We don’t get to see all the detail — so can’t judge and assess all its decisions. Yet Facebook has been known to shut down swathes of accounts deemed fake ahead of elections, while apparently failing entirely to find other fakes (such as in this case).

It’s a situation that does not look compatible with the continued functioning of democracy given Facebook’s massive reach and power to influence.

Nor is the company under an obligation to report every fake account it confirms. Instead, Facebook gets to control the timing and flow of any official announcements it chooses to make about “coordinated inauthentic behaviour” — dropping these self-selected disclosures as and when it sees fit, and making them sound as routine as possible by cloaking them in its standard, dryly worded newspeak.

Back in January, Facebook COO Sheryl Sandberg admitted publicly that the company is blocking more than 1M fake accounts every day. If Facebook was reporting every fake it finds it would therefore need to do so via a real-time dashboard — not sporadic newsroom blog posts that inherently play down the scale of what is clearly embedded into its platform, and may be so massive and ongoing that it’s not really possible to know where Facebook stops and ‘Fakebook’ starts.

The suspicious behaviours that Avaaz attached to the pages and groups it found that appeared to be in breach of Facebook’s stated rules include the use of fake accounts, spamming, misleading page name changes and suspected coordinated inauthentic behavior.

When Avaaz previously reported the Spanish far right networks Facebook subsequently told us it had removed “a number” of pages violating its “authenticity policies”, including one page for name change violations but claimed “we aren’t removing accounts or Pages for coordinated inauthentic behavior”.

So again, it’s worth emphasizing that Facebook gets to define what is and isn’t acceptable on its platform — including creating terms that seek to normalize its own inherently dysfunctional ‘rules’ and their ‘enforcement’.

Such as by creating terms like “coordinated inauthentic behavior”, which sets a threshold of Facebook’s own choosing for what it will and won’t judge political disinformation. It’s inherently self-serving.
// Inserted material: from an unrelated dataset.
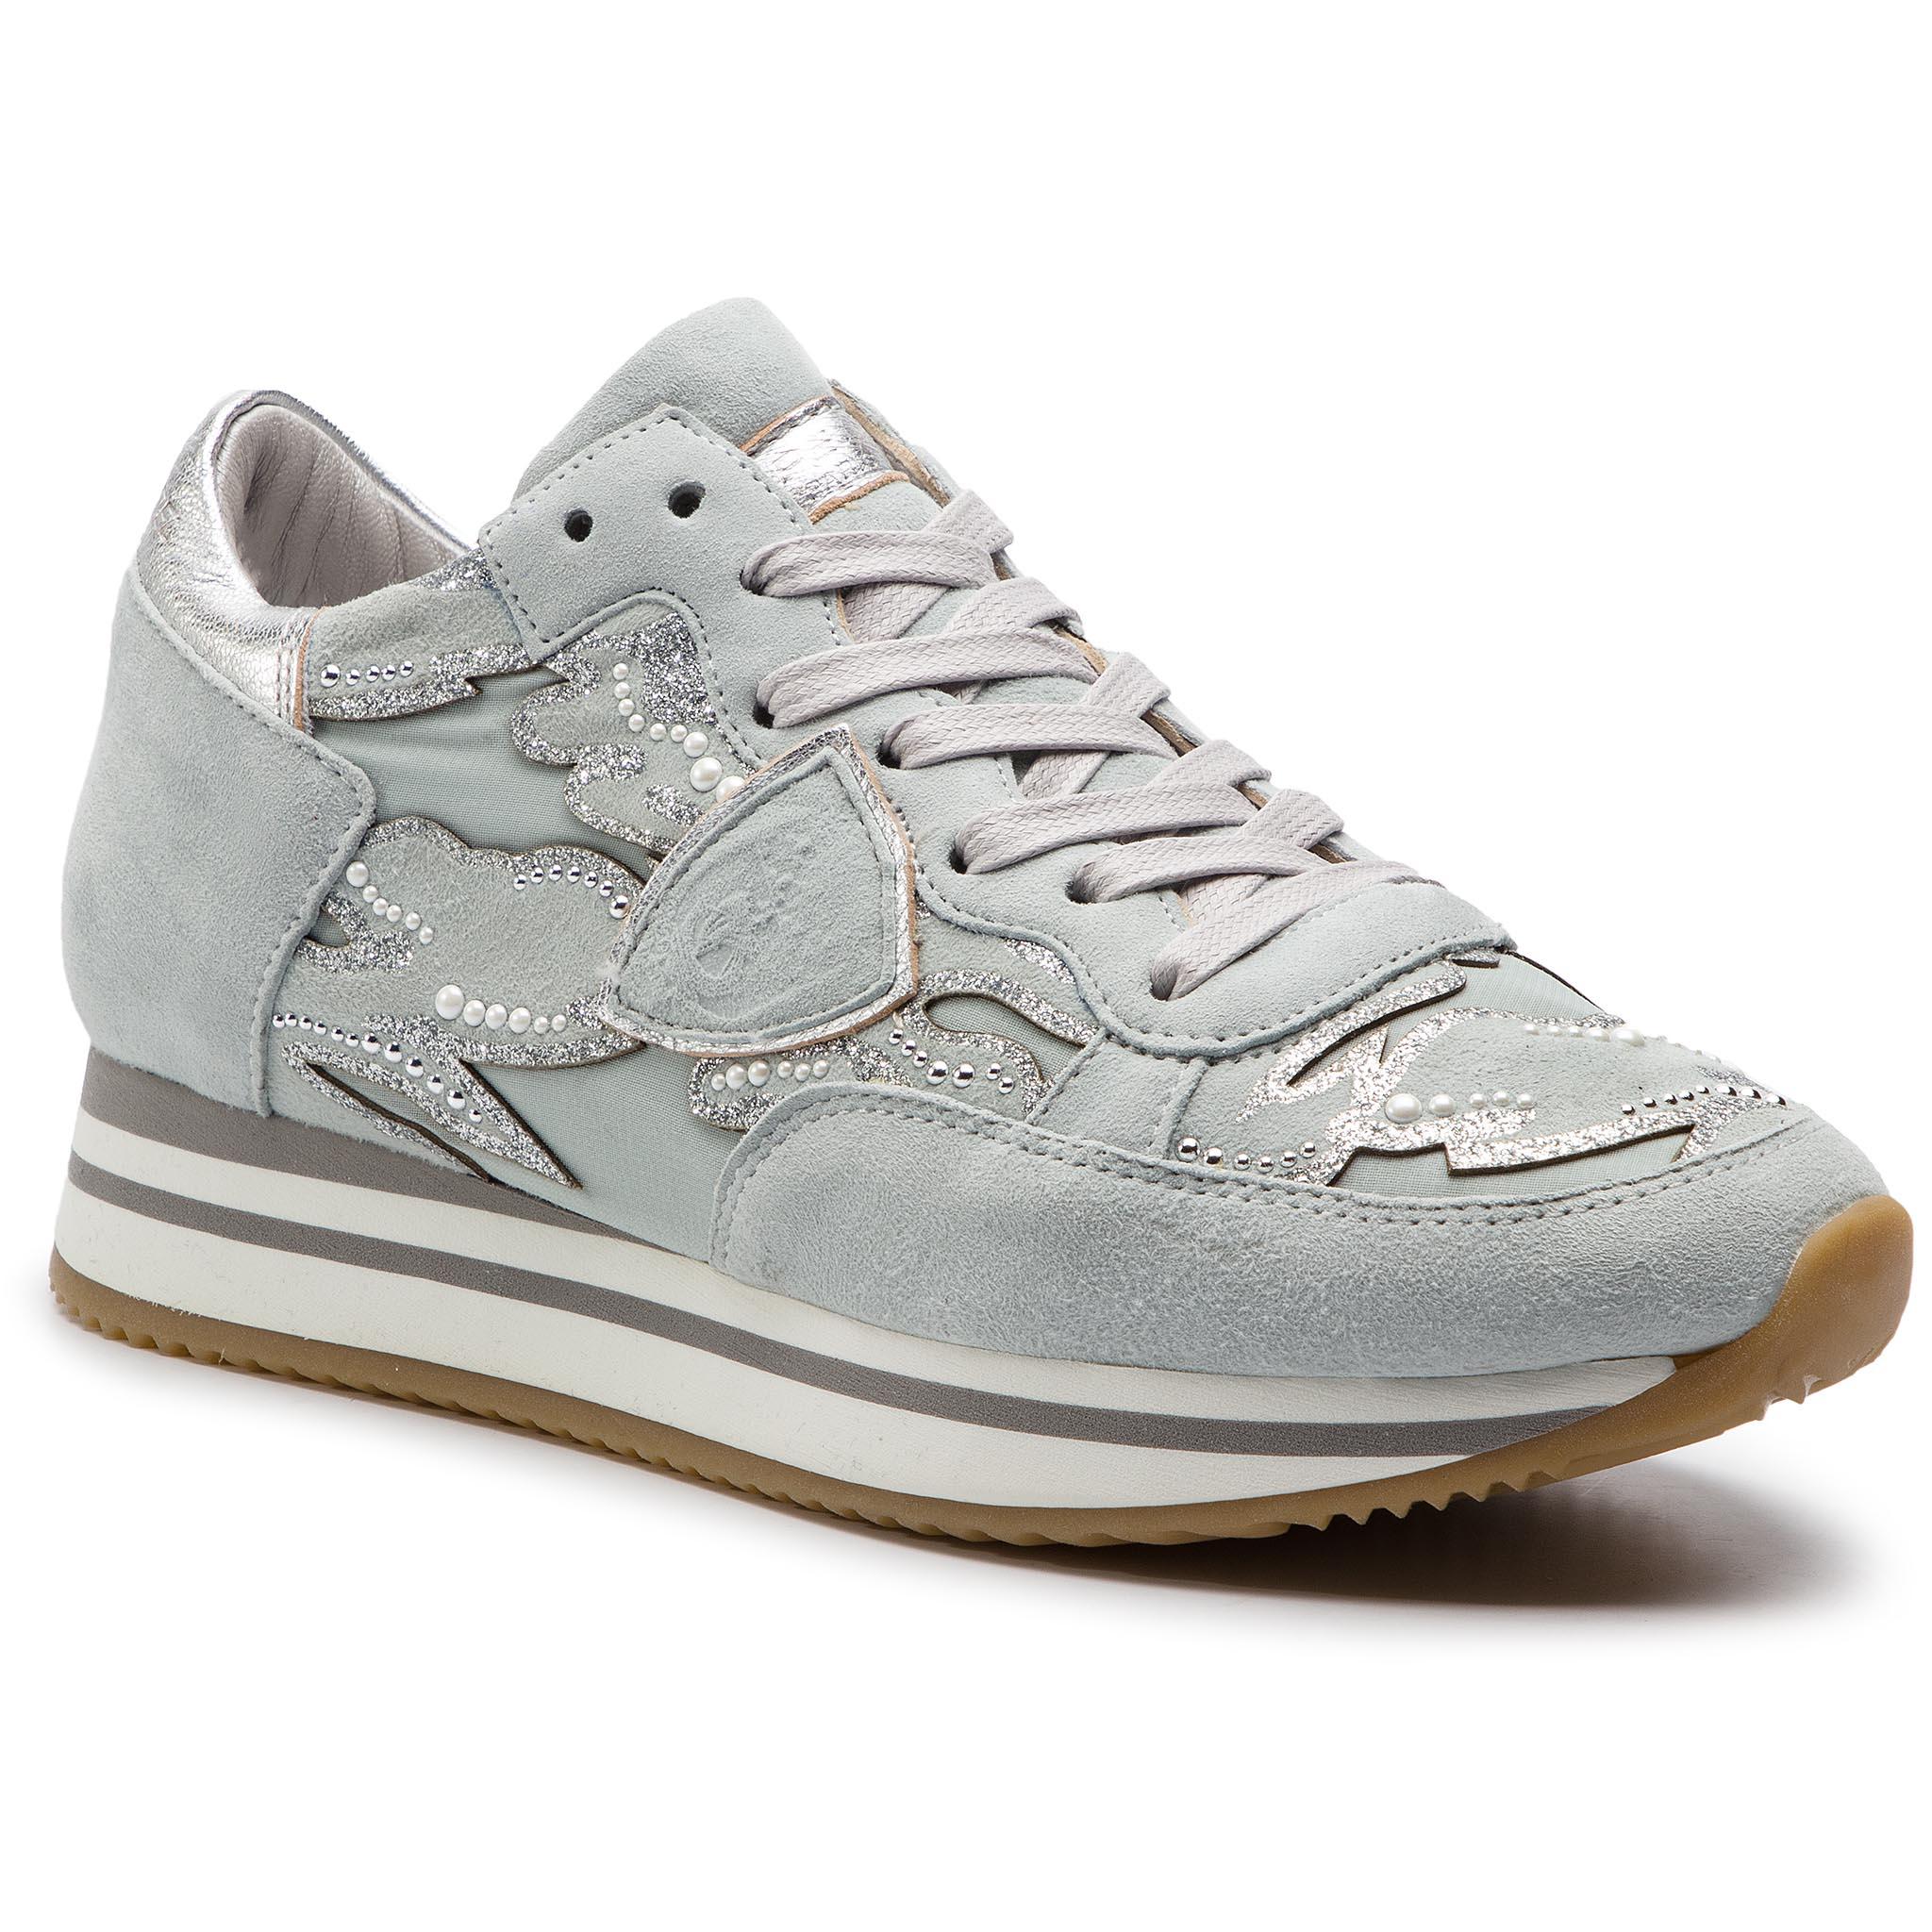 Sneakers PHILIPPE MODEL Tropez TRLD DC01 Blanc Mix

Given that Facebook only acted on a small proportion of what Avaaz found and reported overall, we might posit that the company is setting a very high bar for acting against suspicious activity. And that plenty of election fiddling is free flowing under its feeble radar. (When we previously asked Facebook whether it was disputing Avaaz’s finding of coordinated inauthentic behaviour vis-a-vis the far right disinformation networks it reported in Spain the company did not respond to the question.)

Much of the publicity around Facebook’s self-styled “election security” efforts has also focused on how it’s enforcing new disclosure rules around political ads. But again political disinformation masquerading as organic content continues being spread across its platform — where it’s being shown to be racking up millions of interactions.

Plus, as we reported yesterday, research conducted by the Oxford Internet Institute into pre-EU election content sharing on Facebook has found that sources of disinformation-spreading ‘junk news’ generate far greater engagement on its platform than professional journalism.

So while Facebook’s platform is also clearly full of real people sharing actual news and views, the fake BS which Avaaz’s findings imply is also flooding the platform, gets spread around more, on a per unit basis. And it’s democracy that suffers — because vote manipulators are able to pass off manipulative propaganda and hate speech as bona fide views as a consequence of Facebook publishing it alongside genuine views and professional journalism.

The bottom line is that even if Facebook dedicates far more resource to rooting out ‘election interference’ the wider problem is that a commercial entity which benefits from engagement on an ad-funded platform is also the referee setting the rules.

Indeed, the whole loud Facebook publicity effort around “election security” looks like a cynical attempt to distract the rest of us from how broken its rules are. Or, in other words, a platform that enables propaganda to spread is also seeking to manipulate our views.